Я бы сказал, что мы ищем пути, чтобы объяснить тот или иной текст, изучаем как меняется эмоция от одного периода к другому, как осуществляется конкуренция в понимании того или иного эмоционального концепта. Надо понимать, что мы далеки от эпохи, которую мы интерпретируем, и мы не можем, подобно спиритам, вызвать наших героев и попросить их дать окончательный ответ на конкретный вопрос. Вообще стремиться к пониманию прошлого нужно, но смешно наши истолкования абсолютизировать. И, кстати, когда мы начинаем играть терминами, становимся более фанатичными, чем это требуется в наших интерпретациях, — это знак того, что нужно остановиться, чуть-чуть передохнуть, посмотреть на себя со стороны. Мы работаем с очень деликатным материалом, и если сами уверуем в непогрешимость собственных истолкований или воспримем как оскорбление чье-то несогласие с нашими взглядами, то это приведет к нежелательному, с научной точки зрения, эффекту. Нам методологически требуются чувство юмора и самоирония. Что, разумеется, не снимает с нас ответственности за качество работы и выводы из нее.

Поэтому вы время от времени переключаетесь на „несерьезные” темы?

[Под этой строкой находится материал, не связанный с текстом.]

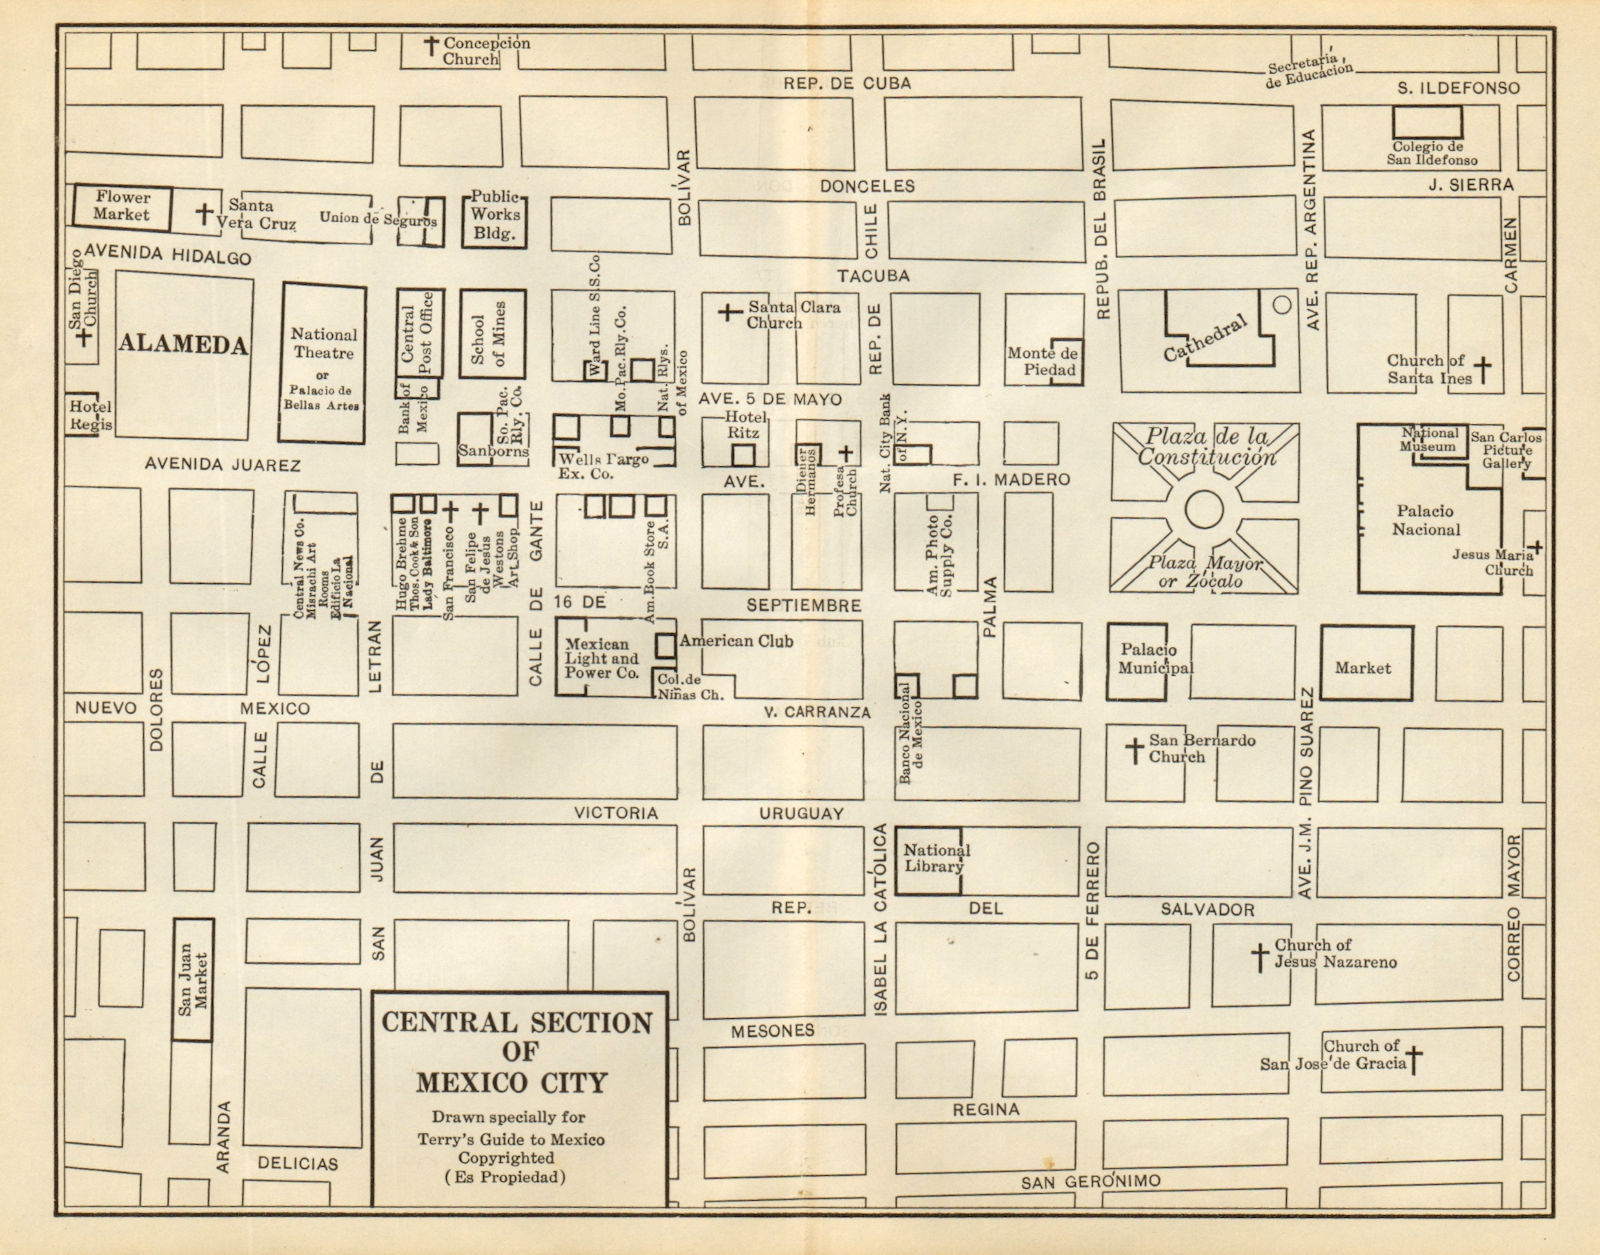 Central section of MEXICO CITY. Mapa de la Ciudad de Mexico. Town plan 1935

Эмоции важны для меня в своей противоположности. Когда я работаю над каким-то грустным материалом, мне необходима эмоциональная разрядка. Как у Мильтона есть «Il Penseroso» и «L’Allegro», так и у меня есть две постоянные и взаимоконтролирующие темы: первая, связанная со смехом, пародией, шутками (к которым я, впрочем, отношусь так же серьезно, как к меланхолии и печали), и вторая — серьезно-академическая (к которой я пытаюсь относиться с иронией). Та самая книжка «Утехи меланхолии», о которой я говорил раньше, была для меня такой эмоциональной отдушиной, раскрывавшей в комической форме серьезные научные и методологические проблемы и вопросы.

Вообще, у меня есть две веселые книги, и они очень разные.

Расскажите о них.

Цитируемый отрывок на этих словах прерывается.